To verify the correct path on your system:
which dmidecode
which fdisk
which lspci
which smartctl
which lsof
which docker
which virsh
which ss
which netstat
Update the sudoers entries with the correct paths for your distribution if they differ.
AIX Systems
AIX systems use a different set of commands. The scanner collects all AIX data using standard (non-privileged) commands:
| Command | Purpose |
|---|---|
oslevel -s | AIX version |
lsdev -Cc processor | Processor inventory |
svmon -G | Memory usage |
lsattr -El sys0 -a realmem | Total physical memory |
df -g | Disk usage |
ifconfig -a | Network interfaces |
netstat -an | Network connections |
lslpp -Lc | Installed packages |
lsconf / prtconf | Serial number |
lparstat -i | LPAR configuration |
ps -ef | Running processes |
No sudo or root access is required for AIX discovery.
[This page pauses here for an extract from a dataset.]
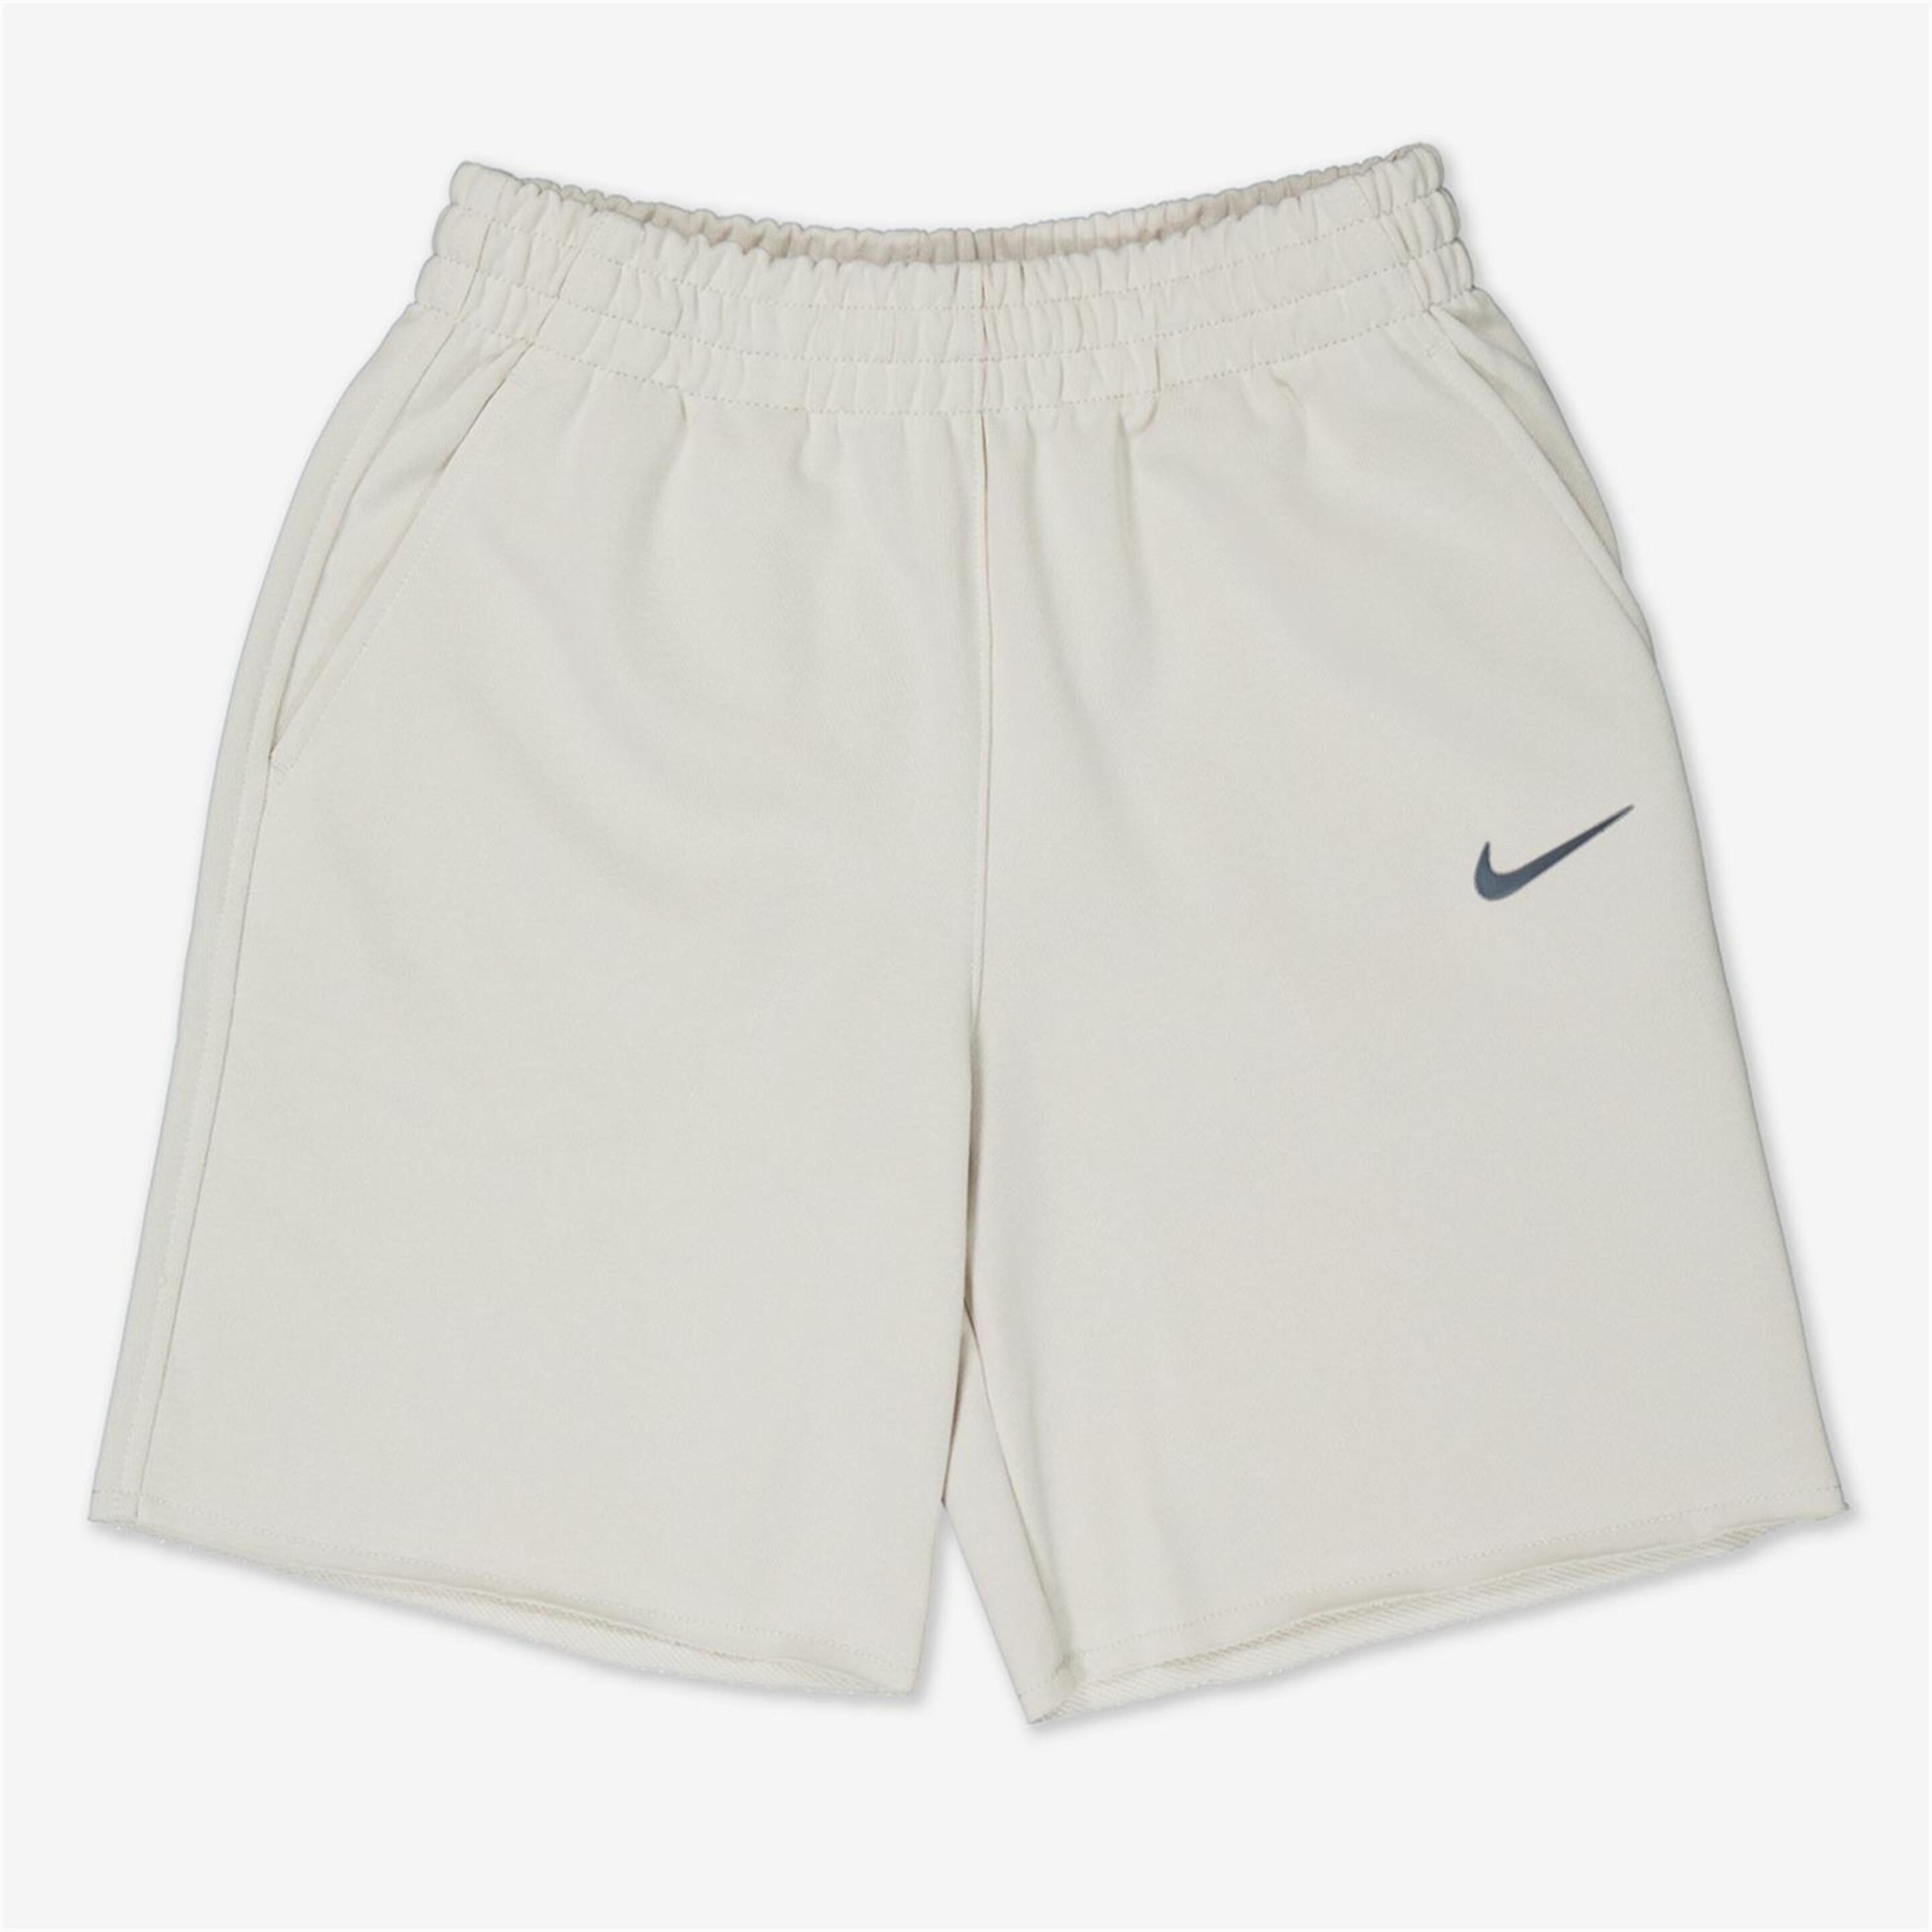 Pantalón Nike - marron - Bermuda Niña

All critical data is collected using standard user privileges.
Security Considerations
- All commands are read-only — the scanner never modifies system configuration, installs software, or writes files.
- No interactive sudo — the scanner only uses
sudo -n(non-interactive). It will never prompt for a password. - Credential encryption — credentials stored in the Scanner Agent are encrypted using Windows DPAPI and never transmitted to the central platform.
- Network boundary — credentials remain within your network; only the collected inventory data is sent to the Tripl-i platform.
- Audit trail — all scan activities are logged for review.
Troubleshooting
Common Issues
| Issue | Cause | Solution |
|---|---|---|
| Serial number shows as "Unknown" | dmidecode not allowed via sudo | Add /usr/sbin/dmidecode to sudoers |
| Missing memory slot details | dmidecode not allowed via sudo | Add /usr/sbin/dmidecode to sudoers |
| No process-to-connection mapping | lsof not allowed via sudo | Add /usr/bin/lsof -i -n -P to sudoers |
| Docker containers not discovered | docker info not allowed | Add user to docker group or add /usr/bin/docker info to sudoers |
| Scan completes but data is incomplete | Insufficient privileges for elevated commands | Review sudoers configuration above |
| "Permission denied" in scan logs | Sudo not configured as NOPASSWD | Ensure NOPASSWD: is in the sudoers entry |
Verifying Sudo Access
To test which elevated commands will work for your scan user:
# Test each command as the scan user
su - tripli -c "sudo -n dmidecode -s system-serial-number 2>/dev/null && echo 'OK: dmidecode' || echo 'FAIL: dmidecode'"
su - tripli -c "sudo -n fdisk -l 2>/dev/null && echo 'OK: fdisk' || echo 'FAIL: fdisk'"
su - tripli -c "sudo -n lspci -v 2>/dev/null && echo 'OK: lspci' || echo 'FAIL: lspci'"
su - tripli -c "sudo -n ss -tupan 2>/dev/null && echo 'OK: ss' || echo 'FAIL: ss'"
su - tripli -c "sudo -n lsof -i -n -P 2>/dev/null && echo 'OK: lsof' || echo 'FAIL: lsof'"
Any command that prints FAIL will be silently skipped during the scan — it will not cause the scan to fail.